Angela Saini: "O que os cientistas acreditam com frequência é apenas o espelho do que a sociedade diz" - Divulgação/angelasaini.co.uk
Angela Saini: "O que os cientistas acreditam com frequência é apenas o espelho do que a sociedade diz" Imagem: Divulgação/angelasaini.co.uk

Deborah Giannini

Colaboração para o UOL

16/10/2017 04h00

Ao longo da história, a mulher foi tratada como intelectualmente inferior aos homens. Algumas teorias científicas foram utilizadas para reforçar estereótipos desse tipo.

Em 1871, por exemplo, Charles Darwin afirmou que a mulher era menos evoluída que o homem porque seu crânio era menor. Mais recentemente, em 2005, o então presidente da Universidade Harvard Lawrence Summers se valeu de pesquisas genéticas, segundo ele, para afirmar que a falta de mulheres na academia se devia a menor aptidão feminina para ciências e matemática.

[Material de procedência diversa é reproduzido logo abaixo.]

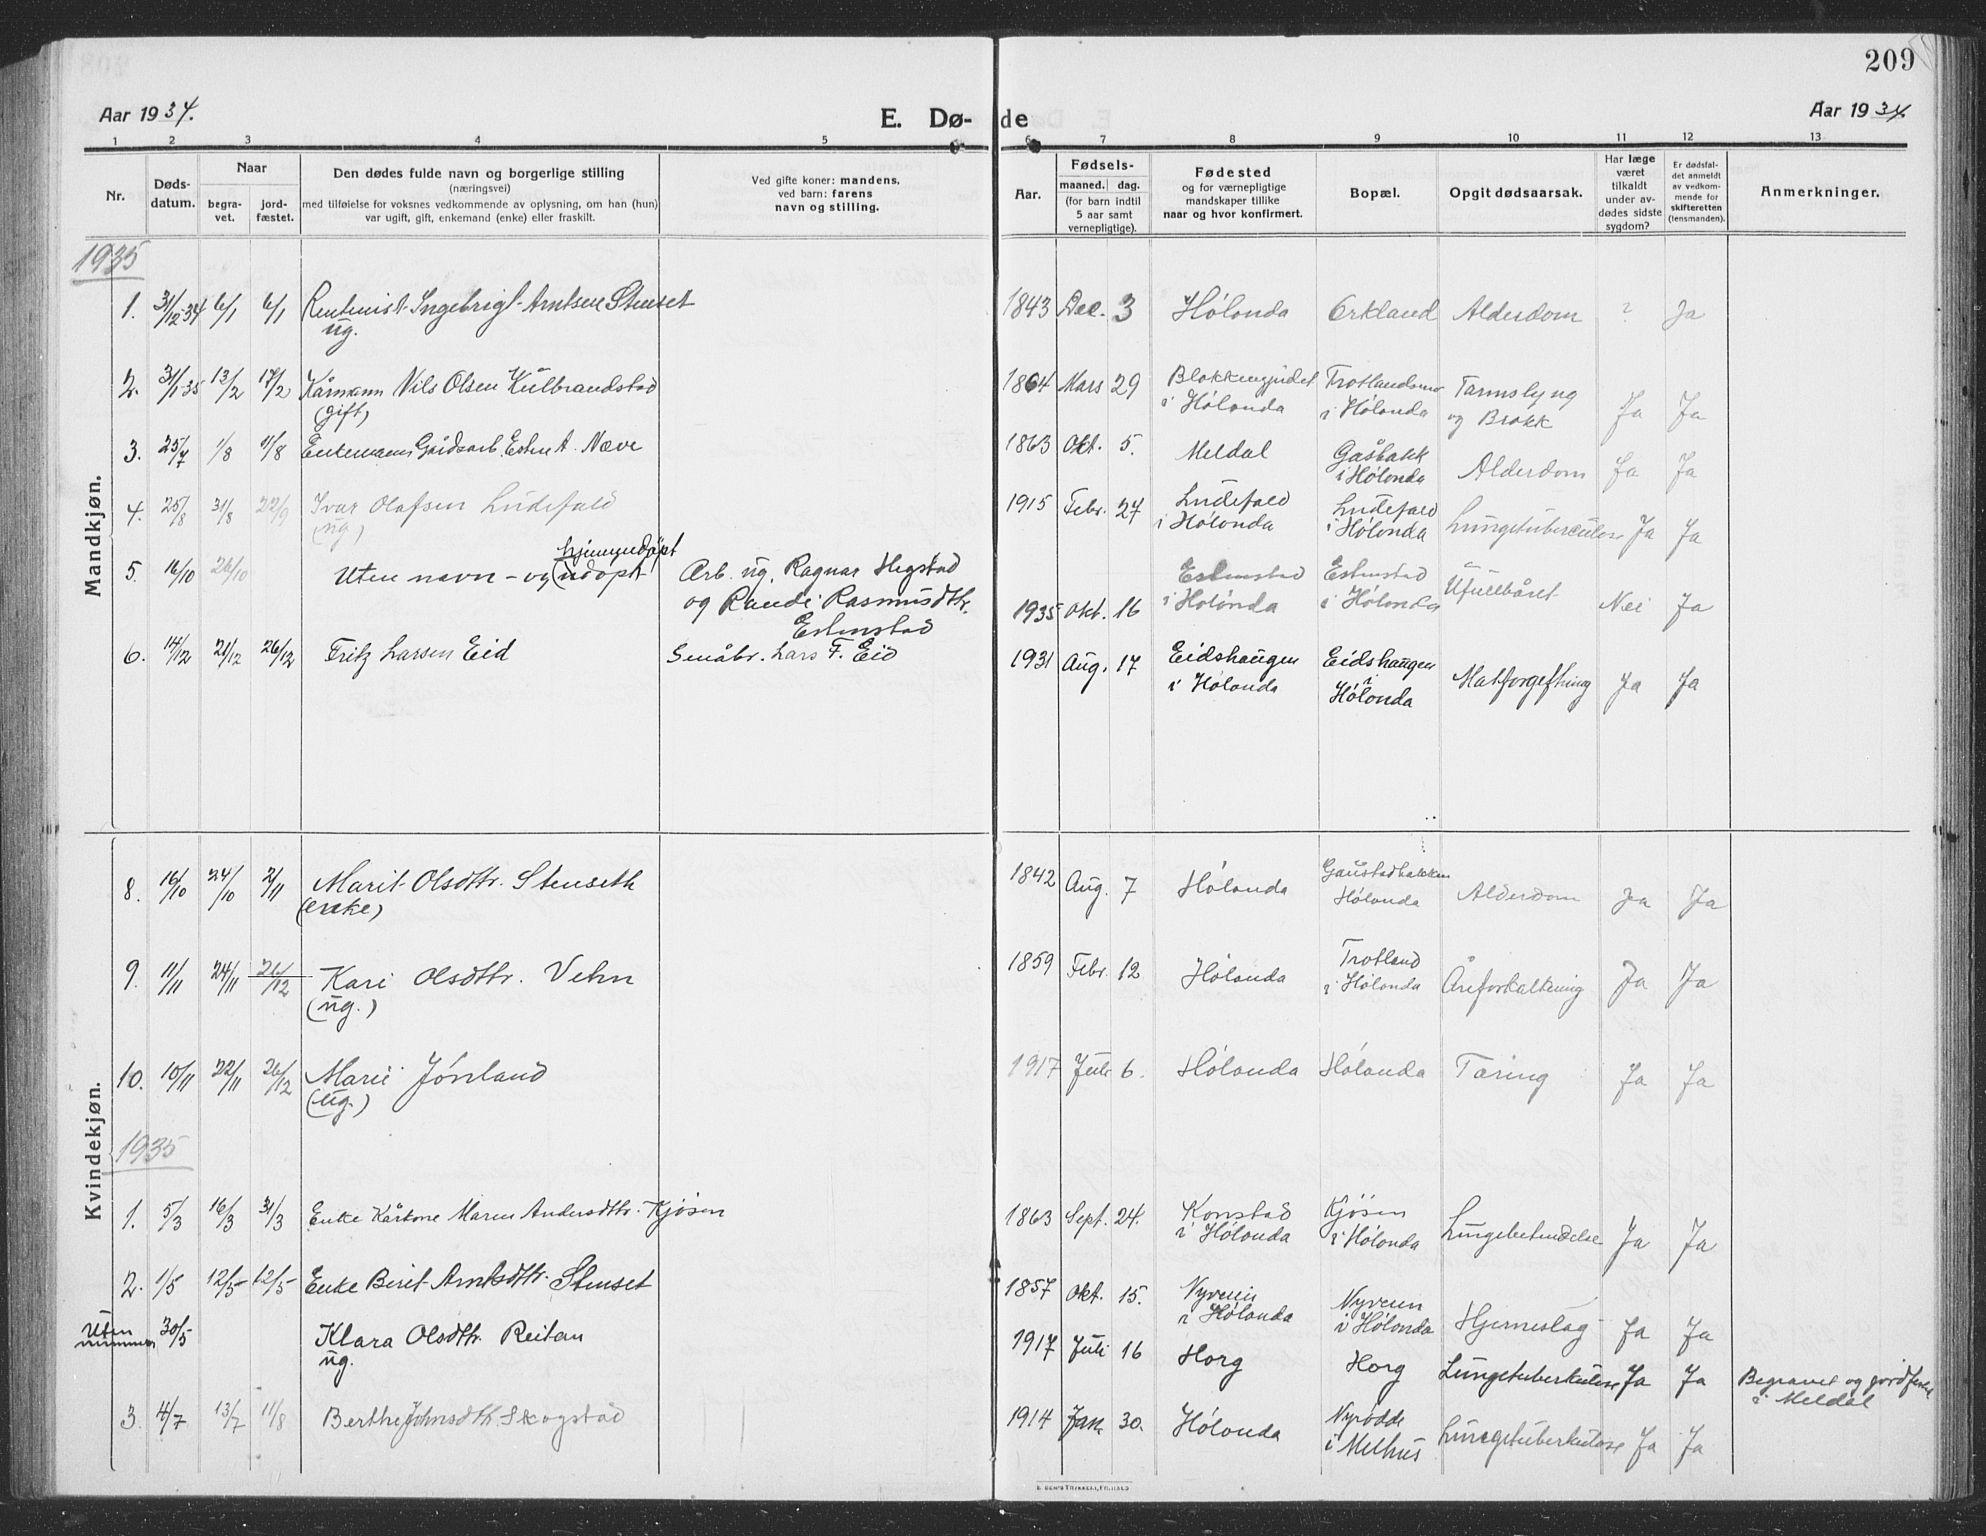 SAT, Ministerialprotokoller, klokkerbøker og fødselsregistre - Sør-Trøndelag, 694/L1134: Klokkerbok nr. 694C06, 1915-1937, s. 209

Para desmitificar teorias como essas, a jornalista britânica especializada em ciência Angela Saini desvendou estudos de como os cientistas têm investigado a questão das diferenças entre sexos, contrapondo teses que reforçam e que derrubam ideias de inferioridade feminina, no livro “Inferior: How Science Got Women Wrong” (Inferior: como a ciência se enganou com as mulheres, em tradução livre), com lançamento previsto no Brasil para 2018.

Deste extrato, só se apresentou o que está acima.